In this notebook we have tried to address the following questions and come up with the following answers:

  • How comparable are the TestGrids?

    • The test grids contain nearly unique sets of tests and therefore are not directly comparable. We will either have to consider the aggregation of shared test or define grids purely by their patterns (independent of specific test)
  • How do we analyze the TestGrids in aggregate to learn from their combined behavior?

    • I don't think we can analyze the entire grids directly due to the above stated issue of uniqueness, other than addressing purely the patterns independent of the specific test names. It will likely be better to analyze the data one step lower and learn from the tests, then use the tests the grids are composed of to understand the grids better.
  • How many/ which tests do they all have in common?

    • The set of tests in each grid appears to be unique and there is not one test that is included in all grids.
    • However, there are about 3k tests identified above that that occur in 10 grids or more.
  • Are their time series dates comparable?

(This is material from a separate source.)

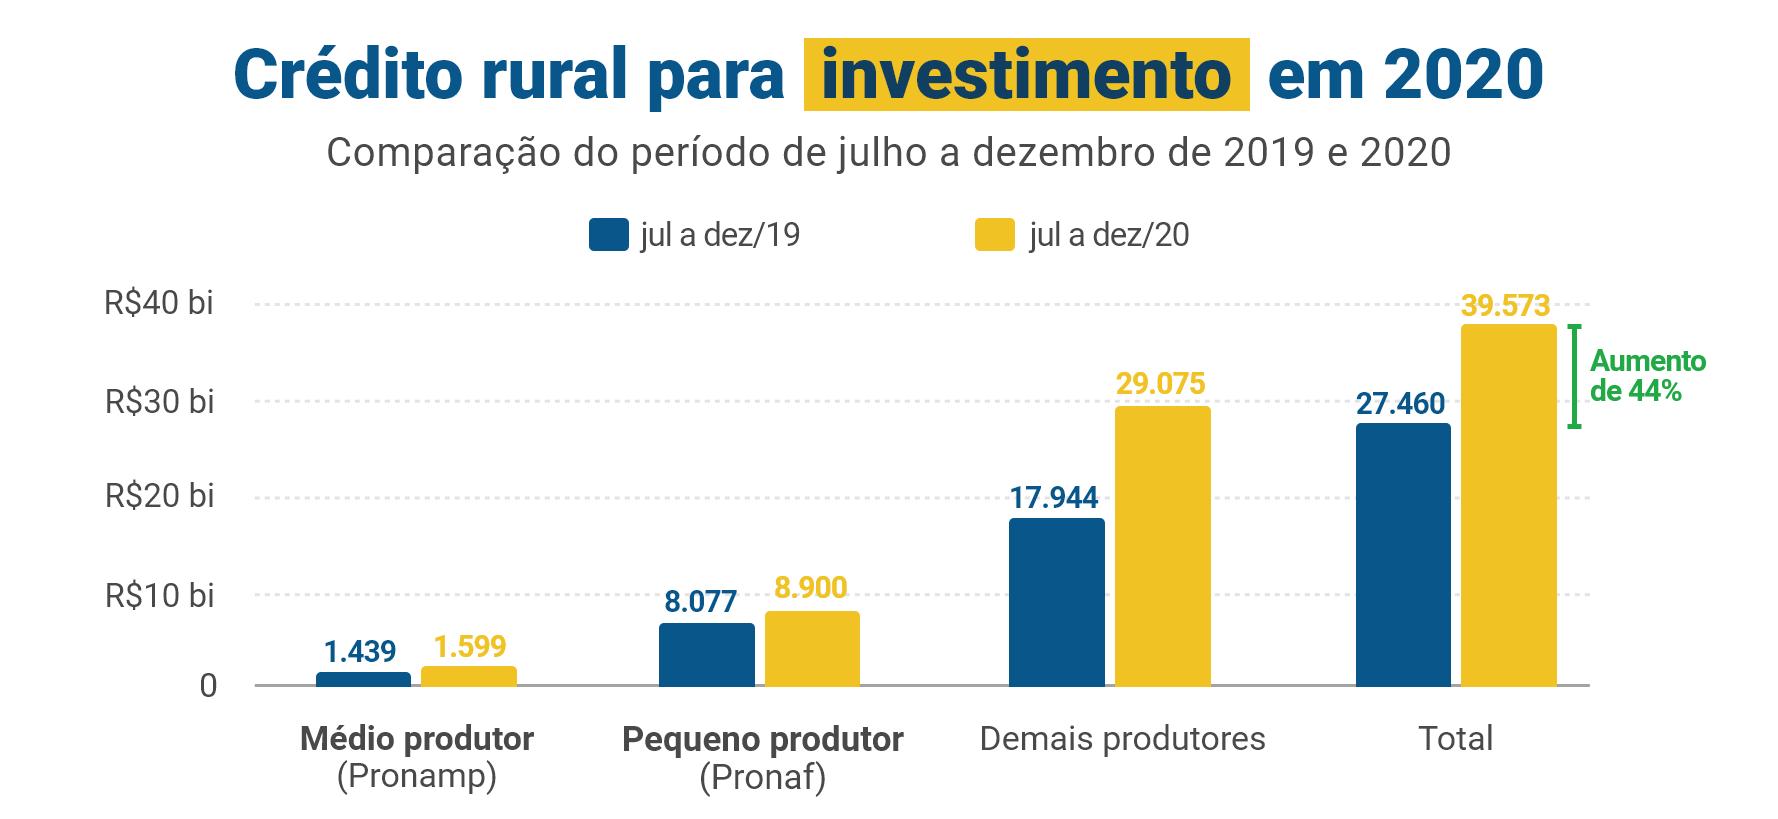 Crédito rural para investimento em 2020

    • We have included the timestamps for the time series, so we know when a test passed/failed and we can compare tests on specific days or time ranges.
    • Each grid contains different dates and lengths of runs, however, so they aren't all equally sampled points.
  • Are there sub-groups that should only be compared with one another?

    • We removed version identifiers to compare subgroups, but still saw little overall overlap between sets of tests in grids appeared. But further analysis could still be done in this regard.
  • Is looking at the grid matrices independent of test names a valid approach for issue identification?

    • We were able to create a toy example using a 2d convolution and an handcrafted filter to identify diagonal failures in the TestGrids. If the annotated image we have is accurate, then we have shown at least one method to achieve this goal. So I would consider this to indeed be a useful approach.
  • What is the expected behavior of a test over time across multiple jobs.

    • We developed some basic encoding and clustering examples to compare individual tests, aggregated tests and tests of the same type. We should build this analysis out further in a later notebook.
  • How does the entire test platform/specific tests perform on a given day?

    • We were able to develop a number of methods to perform and display this type of analysis. We should build this analysis out further in a later notebook.
  • How does a test or the entire test platform behavior evolve over time.

    • Given the above step, we were able to roll that analysis out across time and plot trends in platform pass rate over September. We should build this analysis out further in a later notebook.
  • Is there sufficient data here for useful ML approaches?

    • Yes, especially if we focus on the level of individual time-series for tests. However, there are currently not clear labels, so much of the initial work would either be unsupervised learning or pure statistical analysis.

    • If we look only at the Red Hat grids, which are themselves a subset of the entire ecosystem.

      • There are ~400 grids
      • 61 days of data for each grid
      • 117,000 time series
    • Other platforms have also opened their data on Testgrid.io that we could leverage as well.

  • Can we develop some meaningful alerting/ problem identification with the results of the above questions?

    • Yes. Given all of the above, I think there are a number of avenues available for developing altering and classification tools for CI based on this data.